# Trabalho Final - Aprendizado não supervisionado
## Aluno: Diego Leonardo Urban

## Importando as dependências

In [1]:
# Python
import sys
import random
from os import listdir
from os.path import isfile, join

# Numpy
import numpy as np

# OpenCV
import cv2
from google.colab.patches import cv2_imshow

## Definição das Classes

In [2]:
class Person():
  """Classe responsável por representar os dados de uma pessoa"""
  
  def __init__(self, id, label, data):
    self.id = id
    self.label = label
    self.data = data

In [3]:
class PCA():
  """Classe reponsável por realizar as operações de PCA"""

  def __init__(self, path):
    self.path = path

  def image_data(self, filename):
      img = cv2.imread(filename, cv2.IMREAD_GRAYSCALE)
      
      dsize = (80, 80)
      output = cv2.resize(img, dsize)

      dst = output.T.reshape((1, output.shape[1] * output.shape[0]))
      return np.float64(dst)

  def to_person(self, filename):
    data_part = filename[filename.rfind('/')+1 :filename.rfind('.jpg')]
    data = data_part.split('_')
    return Person(int(data[0]), int(data[1]), self.image_data(filename))

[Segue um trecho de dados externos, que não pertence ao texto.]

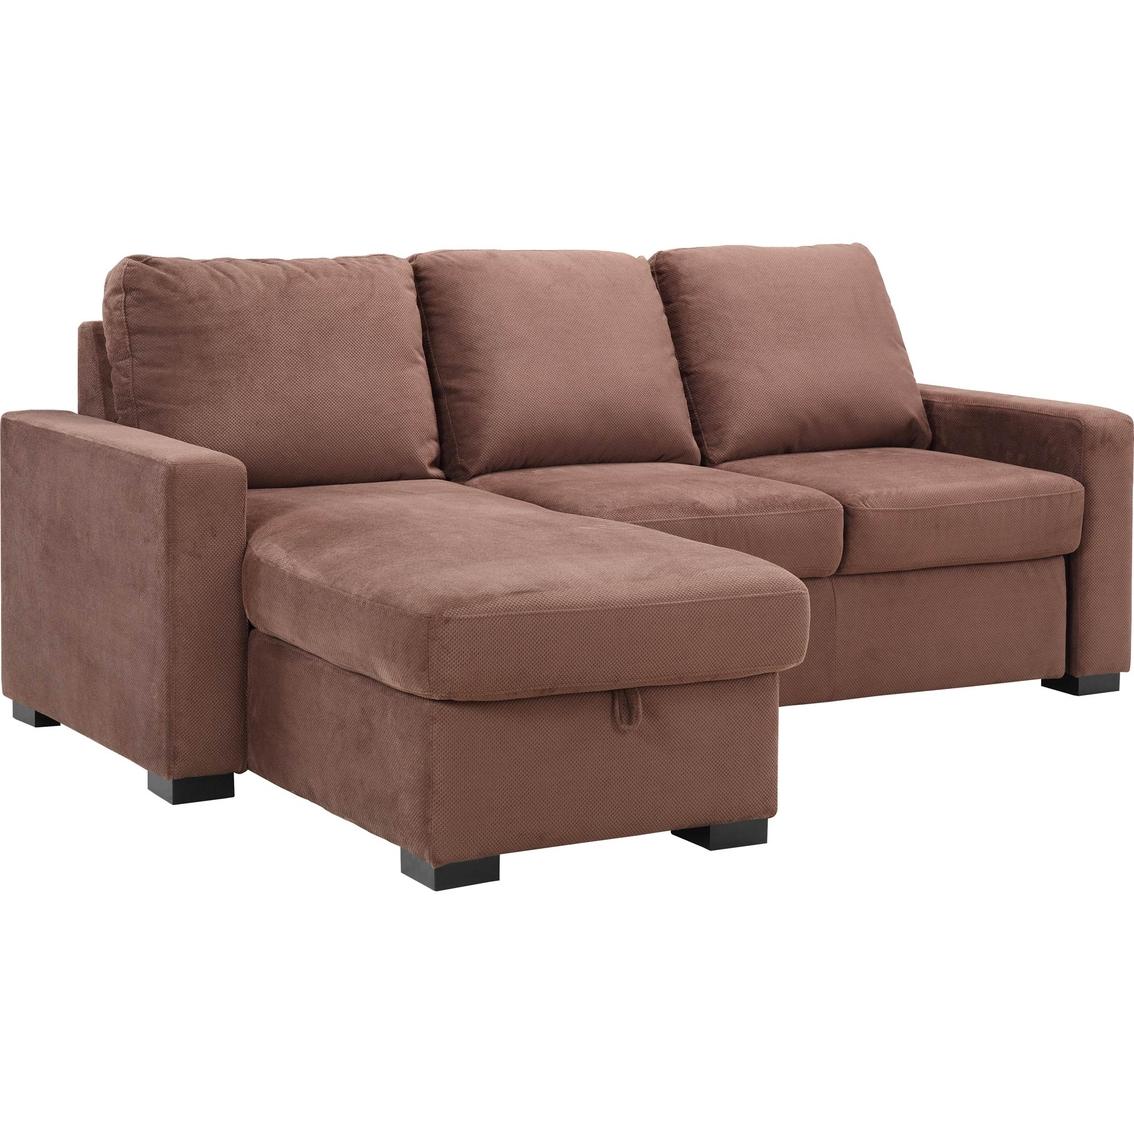 Serta Chester Convertible Sleeper Chaise Sofa Serta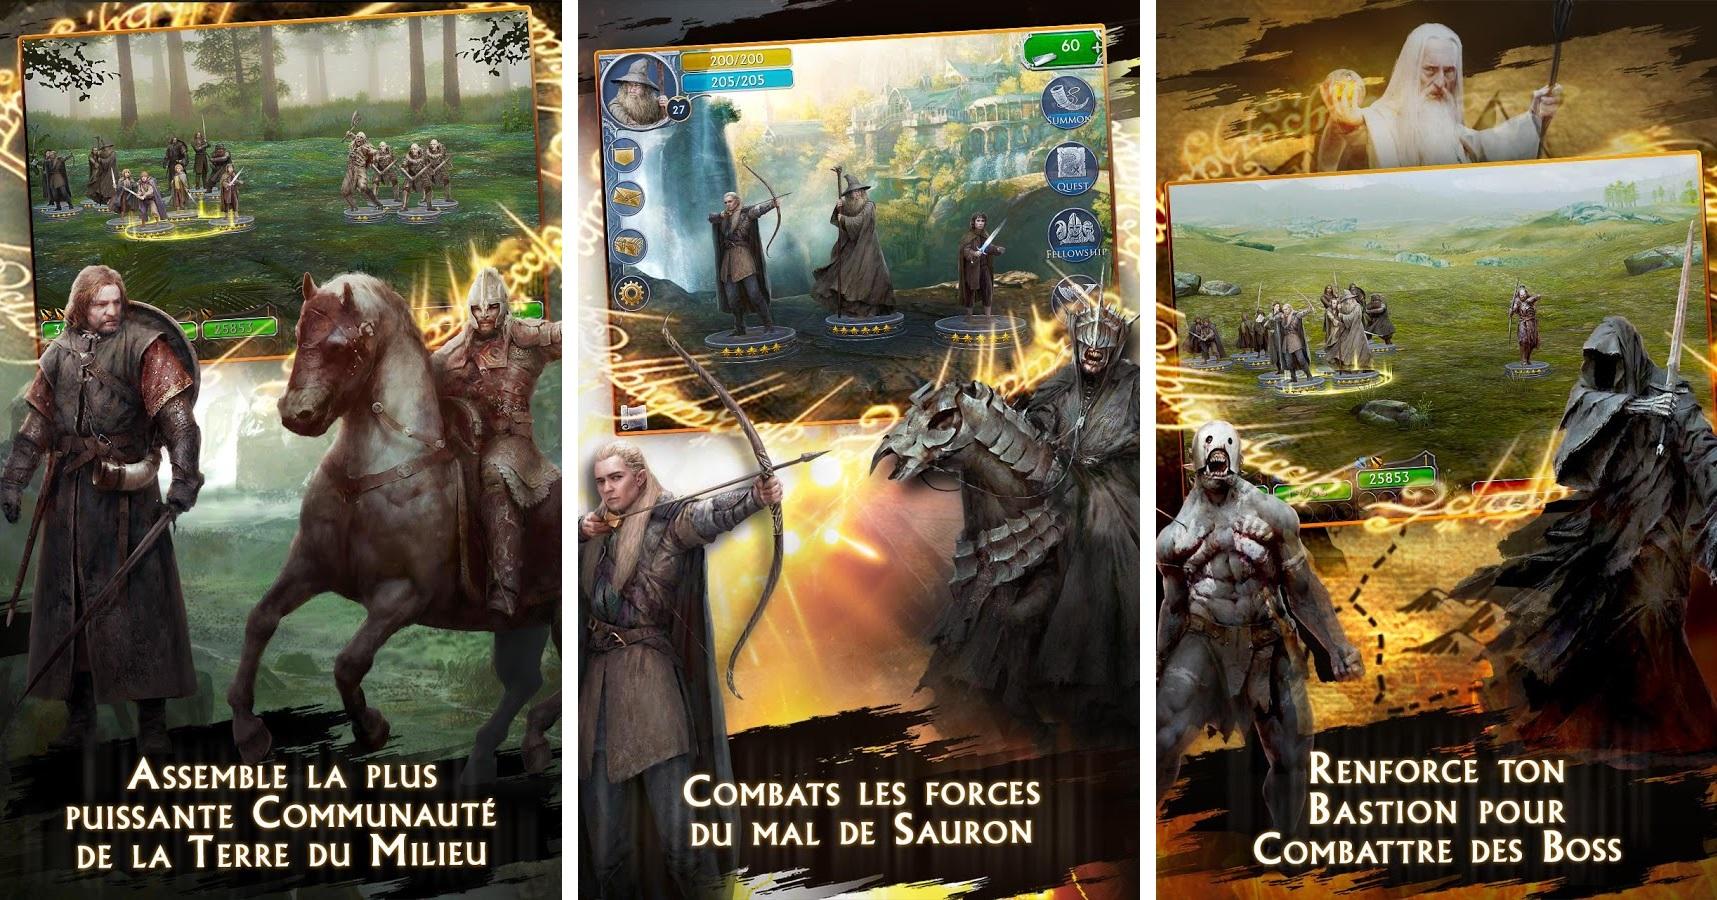 Un nouveau jeu Le Seigneur des Anneaux est disponible sur Android

  def load_dataset(self, train, test, p):
    onlyfiles = [self.path + "/" + f for f in listdir(self.path) if isfile(join(self.path, f)) if f.endswith('.jpg')]
    people = list(map(self.to_person, onlyfiles))

    people.sort(key=lambda x: x.id, reverse=True)

    num_samples_per_person = 10
    samples = []
    for person in people:
      samples.append(person)
      if len(samples) == num_samples_per_person:
        while len(samples) > p:
          index = random.randint(0, len(samples)-1)          
          test.append(samples.pop(index))

        if p == num_samples_per_person:
          test.extend(samples)

        train.extend(samples)
        samples = []

  def main(self):
    train = []
    test = []
    p = 7

    self.load_dataset(train, test, p)

    print(f"-- Total de imagens: {len(train) + len(test)}")
    print(f"-- Hold-out: {p * 10}%")
    print(f"-- Total de treino: {len(train)}")
    print(f"-- Total de teste: {len(test)}")
    print("------------------------------")

    start = 10
    end = 20

    MAX_REC = 3500
    MAX_DIS = 1700

    for k in range(start, end+1):
      recognizer = cv2.face.EigenFaceRecognizer_create(k)
      src = []
      labels = []
      for person_train in train:
        src.append(person_train.data)
        labels.append(person_train.label)

      recognizer.train(src, np.asarray(labels))

      min_distance = sys.float_info.max
      max_distance = sys.float_info.min

      true_negative_count = 0
      true_positive_count = 0

      corrects = 0

      for person_test in test:
        label, confidence = recognizer.predict(person_test.data)
        
        label_ok = label == person_test.label
        if label_ok:
          corrects = corrects + 1

        if confidence > max_distance:
          if not label_ok:
            true_negative_count = true_negative_count + 1
        elif confidence > 1500:
          if not label_ok:
            true_negative_count = true_negative_count + 1
        elif label_ok:
          true_positive_count = true_positive_count + 1

        if label_ok and person_test.id <= 400:
          if confidence < min_distance:
            min_distance = confidence

          if confidence > max_distance:
            max_distance = confidence

      trues = true_positive_count + true_negative_count
      accuracy = trues / len(test) * 100
      print(f"{k} componentes principais, acurácia: {accuracy:.2f}%")

## Execução

In [4]:
print("------------------------------")
print('-- Bem-vindo a ferramenta PCA!')
print("------------------------------")

# TODO: Altere o path conforme necessidade
#path = './'
path = './resources/images'

pca = PCA(path)
pca.main()

------------------------------
-- Bem-vindo a ferramenta PCA!
------------------------------
-- Total de imagens: 410
-- Hold-out: 70%
-- Total de treino: 287
-- Total de teste: 123
------------------------------
10 componentes principais, acurácia: 88.62%
11 componentes principais, acurácia: 87.80%
12 componentes principais, acurácia: 88.62%
13 componentes principais, acurácia: 87.80%
14 componentes principais, acurácia: 86.99%
15 componentes principais, acurácia: 88.62%
16 componentes principais, acurácia: 89.43%
17 componentes principais, acurácia: 86.99%
18 componentes principais, acurácia: 86.18%
19 componentes principais, acurácia: 87.80%
20 componentes principais, acurácia: 88.62%